You should now have a live embedding endpoint at port 8005 for VSS.

Deploy VSS#

After all of the NIMs have been deployed, you can run the local_deployment_single_gpu example from here .

cd local_deployment_single_gpu

If you look in the config.yaml file, you will observe that the LLM, Reranker, and Embedding model configurations have been set to use local endpoints to the NIMs launched in steps 1-3. If you launched these NIMs across different systems, you can modify the base_url parameter to point to another system running the NIM.

Inside the local_deployment_single_gpu folder, edit the .env file and populate the NGC_API_KEY and HF_TOKEN fields. You can observe in this file, the VLM is set to Cosmos-Reason2.

#.env file

NGC_API_KEY=abc123***
HF_TOKEN=hf_***
.
.
.

After setting your API key in the .env file, you can launch VSS with Docker Compose.

docker compose up

Note

Guardrails has been disabled for single GPU deployment because of accuracy issues with the llama-3.1-8b-instruct model.
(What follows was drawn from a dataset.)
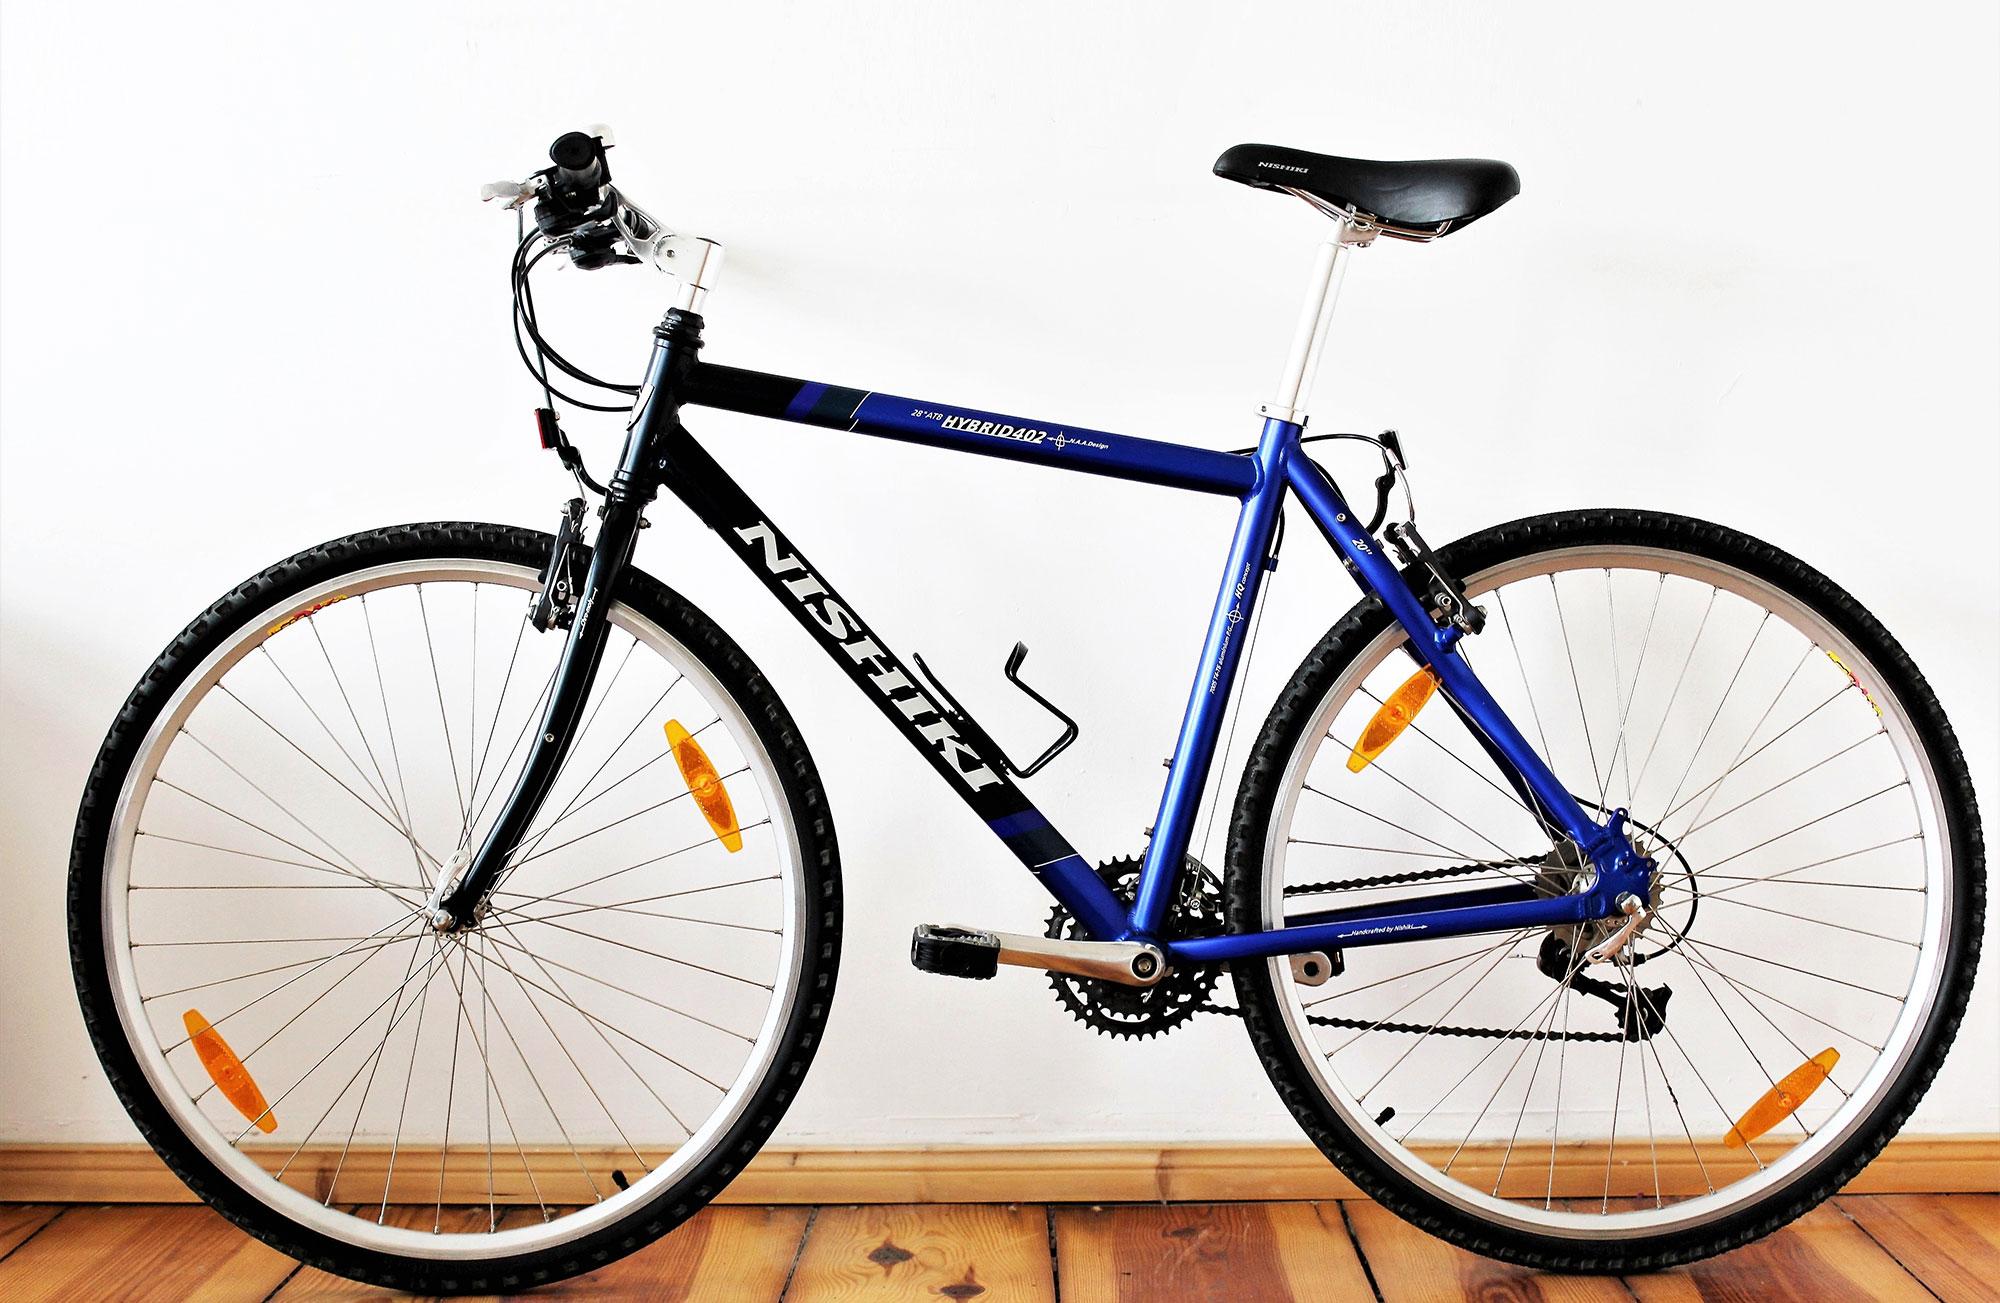 RADVERLEIH - bikegreen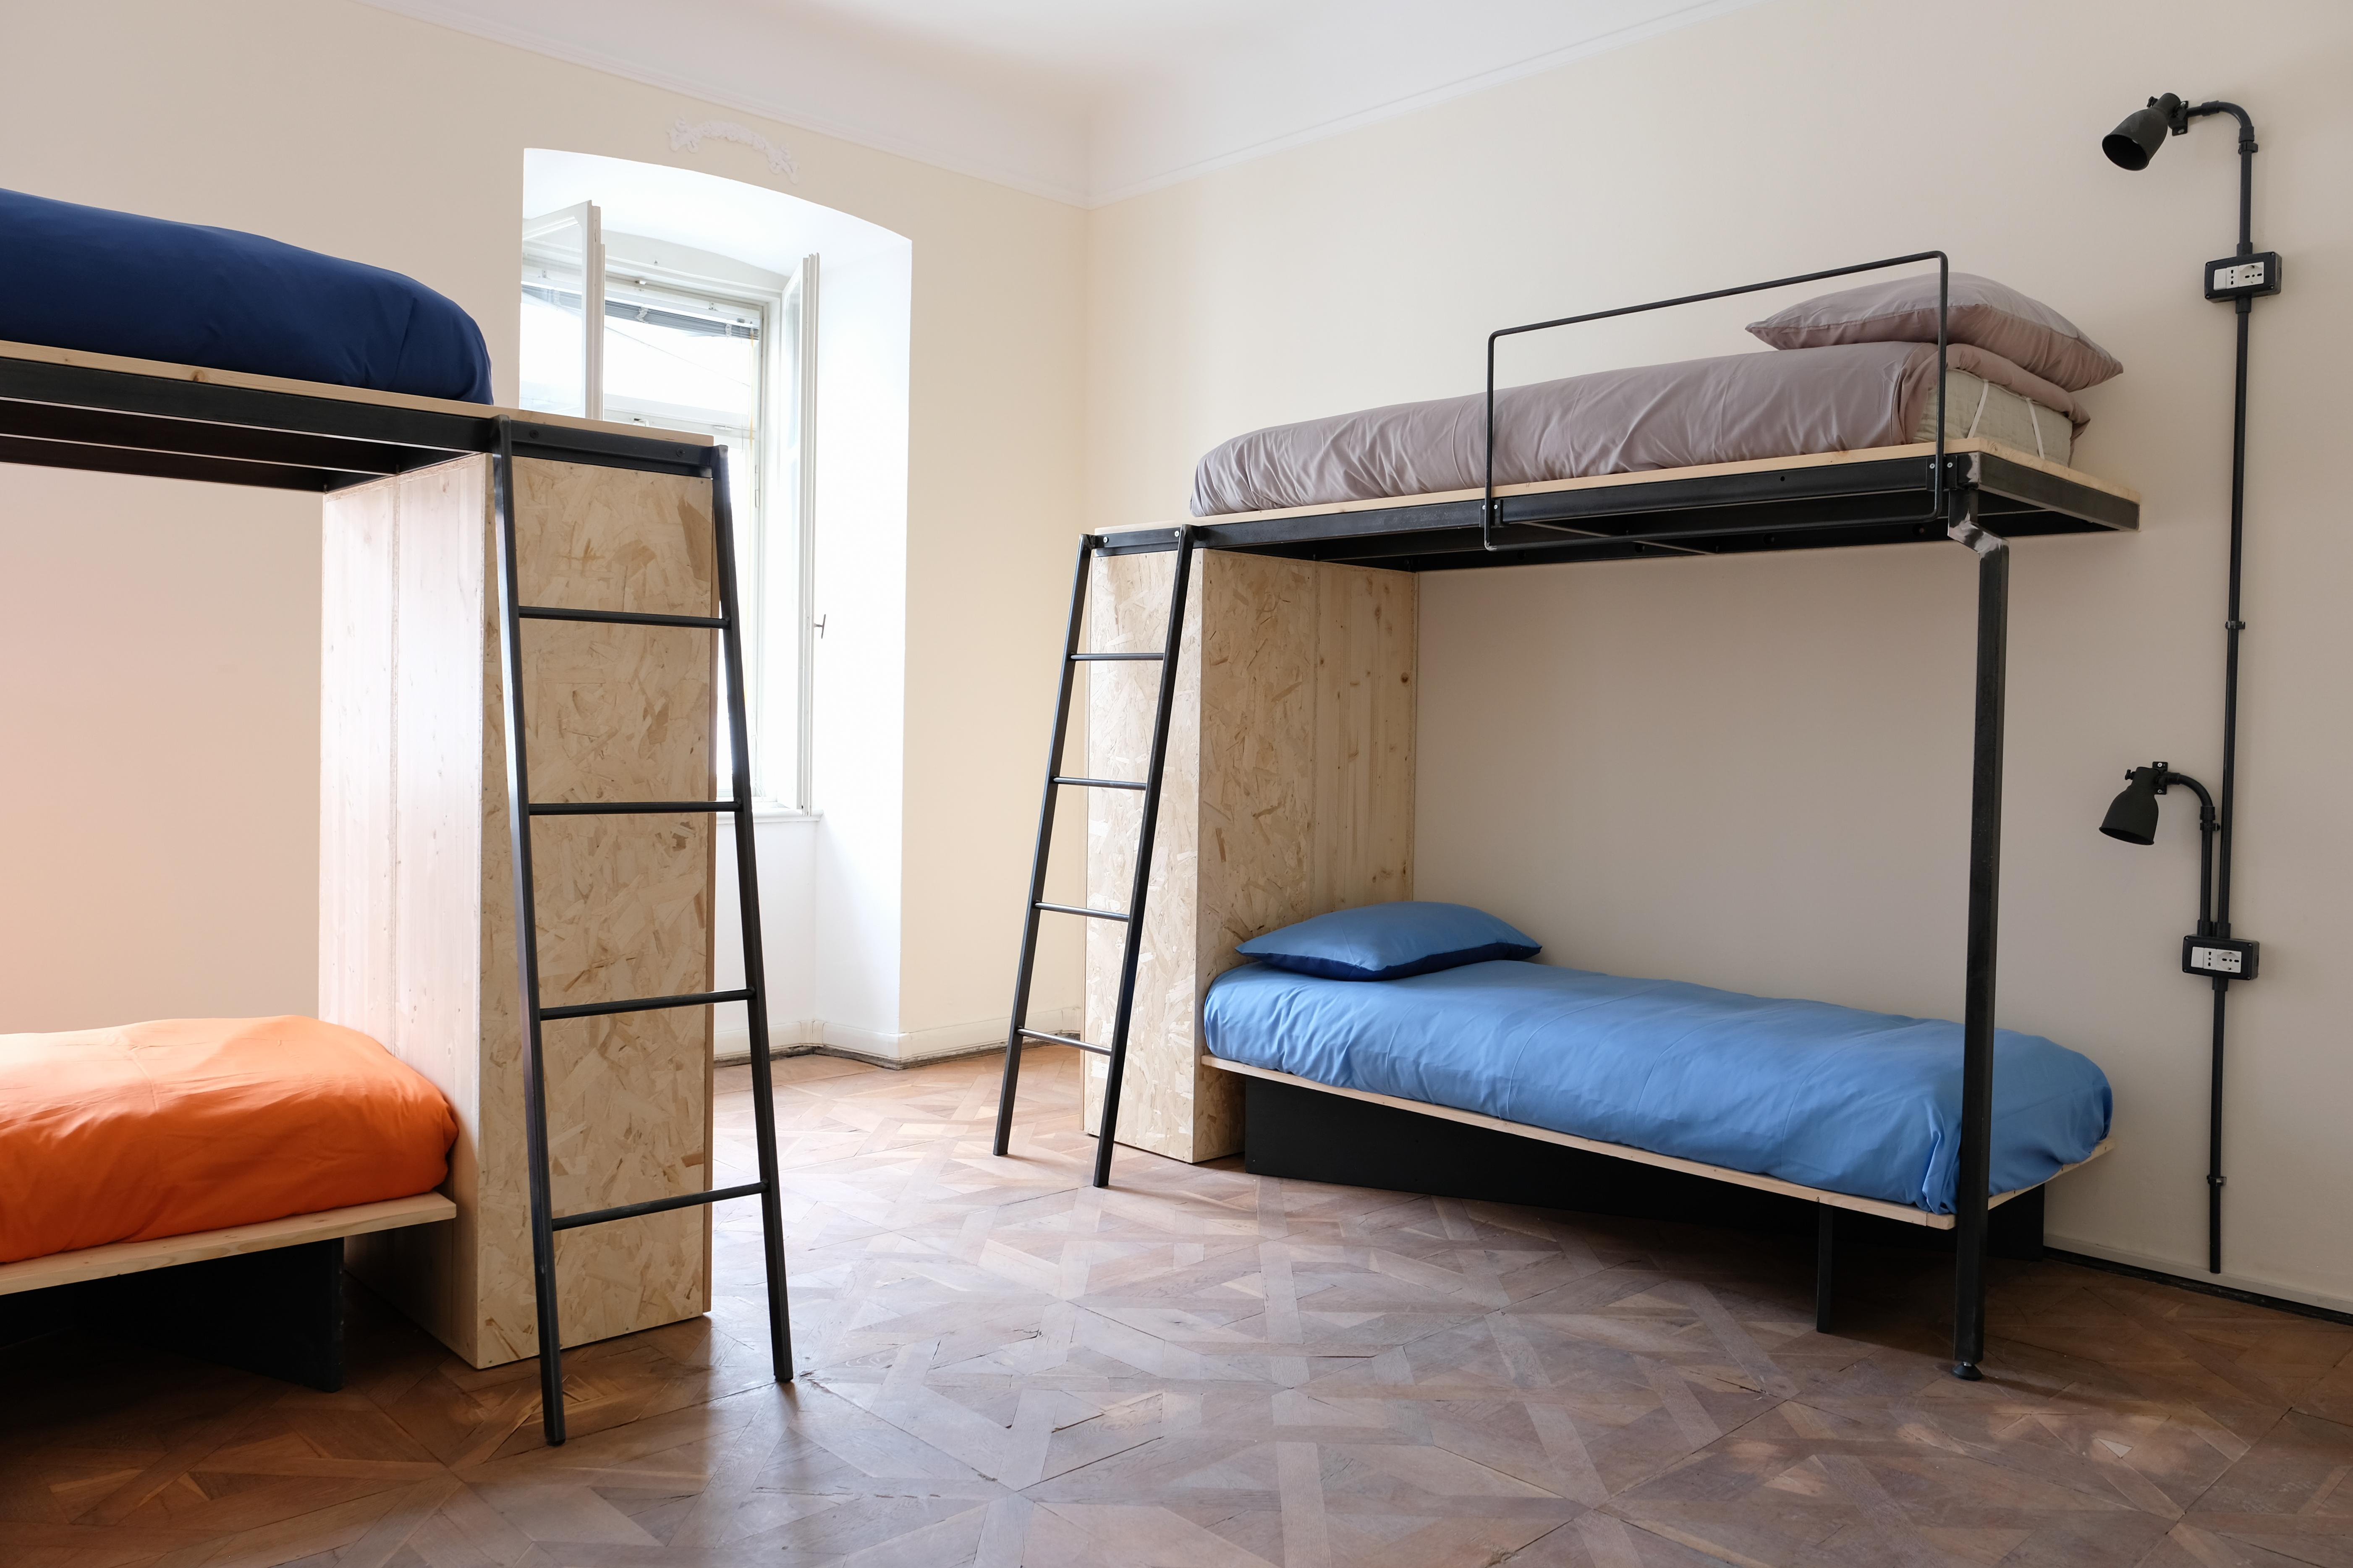 ControVento Hostel

If required, it can be enabled by removing the DISABLE_GUARDRAILS environment variable from the .env file.

VSS is ready when you observe:

After VSS has loaded you can access the UI at port 9100 and the backend REST API endpoint at port 8100.

Test the deployment by summarizing a sample video.

Stopping the Deployment#

To stop any of the Docker Compose deployments, run the following command from the deployment directory:

docker compose down

This will stop and remove all containers created by Docker Compose.

Note

To enable the live stream preview, set INSTALL_PROPRIETARY_CODECS=true in the .env file. To get the logs from containers running in detached mode, run docker logs <container_id>. To remove the containers, run docker rm <container_id>.

Configuring GPU Allocation#

To customize the Docker Compose deployment for various GPU configurations:

For VSS container, modify the NVIDIA_VISIBLE_DEVICES variable in the .env file .
For other containers launched using the docker run command, modify the --gpus '"device=0"' argument.

The GPU device IDs must be set based on:

The number of GPUs available on the system.
GPU requirements for each service.
- When using Cosmos-Reason2 or Cosmos-Reason1 or vLLM compatible models or a remote VLM endpoint, VSS requires at least 1 GPU (A100, H100, H200, B200, RTX PRO 6000 Blackwell SE, L40s).
- Embedding and Reranking require 1 GPU each but can share a GPU with VSS on an 80+ GB GPU.
- RIVA ASR requires 1 GPU but can share a GPU with Embedding and Reranking on an 80+ GB GPU.
- Check NVIDIA NIM for Large Language Models (LLMs) documentation for LLM GPU requirements.
GPUs can be shared even further by using the low memory modes and smaller VLM and LLM models as shown in Fully Local Deployment: Single GPU.
If using remote endpoints for any of the services, GPUs will not be used by these services and GPU requirements will be further reduced.